As of this day you are no longer welcome to ride your horses on my property, the gate will be refenced tomorrow morning. I also will not be leasing your fields to plant crops in and I doubt once the story gets around any one else will lease from you.

They leave as we finish striping our camo off and Don walks over and says he is sorry for what happened. We tell him it isn’t his fault so nothing to apologize for, We will return in a week or so.

We head on down the road and I am still steaming hot and tell Dean we need to hit the crop farm where we always see and shoot coyotes. I need to fire one up to get the heat out.
We arrive, trucks temp said 36F, walk back along the creek to where the slough starts set out the decoy and caller hike back to a group of trees and set up.

It is feeling real warm so I am hoping what I had read about afternoon coyotes was true. It is getting close to the time we would beheading out any way.
Start the call going with the Piglet sound again, has been a great sound for us for nearly a year now. Don’t have a clue why as we don’t really have wild hogs to speak of in Michigan nor are we hunting a hog farm where coyotes could hear them and do nothing other than drool.

At the 10 minute mark Dean sees a couple of coyotes coming our way pointing to them so I don’t miss seeing them. I make a slight shift and settle the cross hairs on the lead coyote signing to Dean to go for tail end Charlie.
I let them keep coming as they were about 150 yards out and they didn’t seem to worried about harm coming their way like many have. They would only pause for a second or two and keep coming. Once they got to where we have prerranged 100 yards I gave the trigger sign to Dean and fired. Both coyotes are down for good, we wait for a full 30 minutes then get up. Walked to the coyotes a female and a Male both looked young when looking at their teeth and foot pads. I had shot the male both still had some beautiful fur.
I now feel better.

We head to another farm, then 3 more, collected 5 more coyotes before it started to get dark at nearly 8:00 PM just tired wanting some coffee. 
Go to Deans and while he is in getting us coffee I start hanging the coyotes in the cool room. Dean cAme out with two big mugs of coffee and a platter of cookies. We hurry and finish hanging rhe coyotes and go down to Deans home office in the back of the barn and wash up and drink coffee and eat cookies.
We are just finished with the coffee when Dawn brings out a thermos full of coffee, Says we look tired.
We are and decided to put the skinning and the rest off till Tuesday, since I had stuff I needed to do at home Monday.

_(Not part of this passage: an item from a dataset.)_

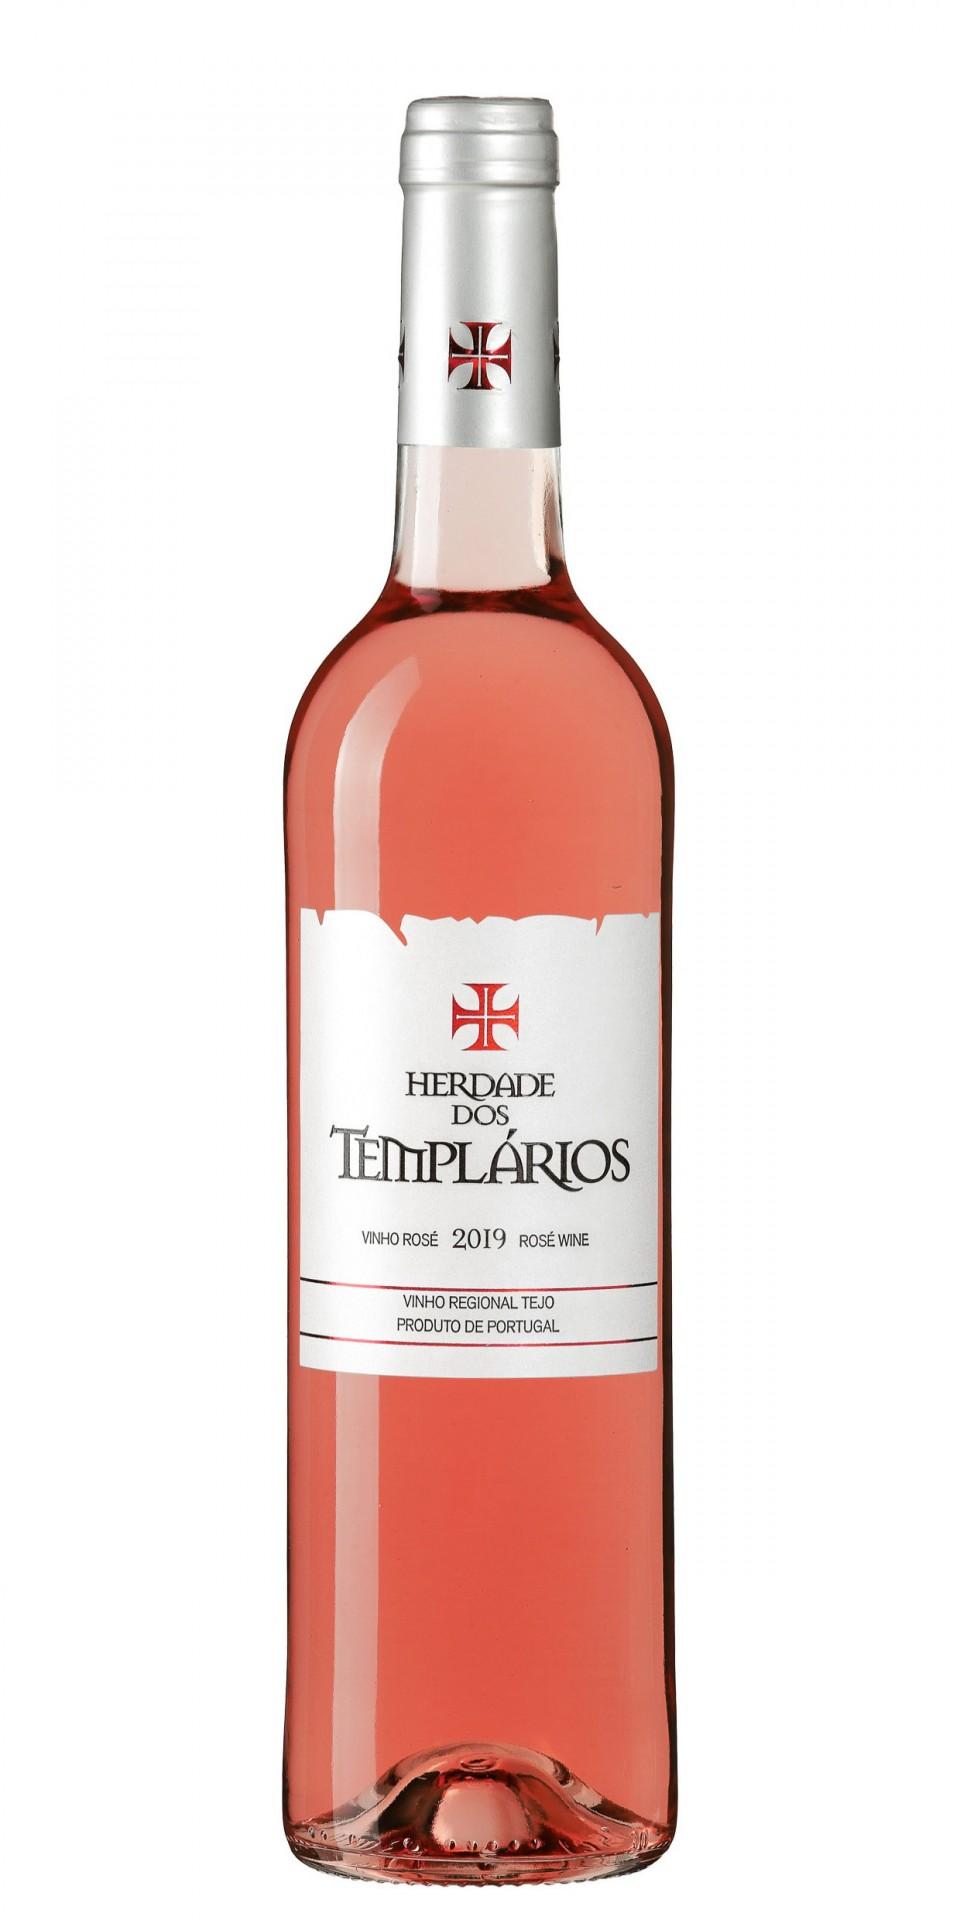 Herdade dos Templários rosé

I want to know what happened they the one that tried to get away after shot.
So I guess there will be a part 4 maybe.


 Al


----------



## esshup (Apr 3, 2018)

It warms the heart to hear what Don had to say. Good hunting and shooting!! I hope the snow that is hitting Wi now isn't hamering you guys.


----------



## alleyyooper (Apr 3, 2018)

Not yet in my area but they say in the morning.

 Al


----------



## Natster (Feb 16, 2019)

@alleyyooper I enjoy your stories.
Wish I'd hunted and trapped more in my youth. 
N


----------



## alleyyooper (Feb 18, 2019)

Why can't you do it now?

 Al


----------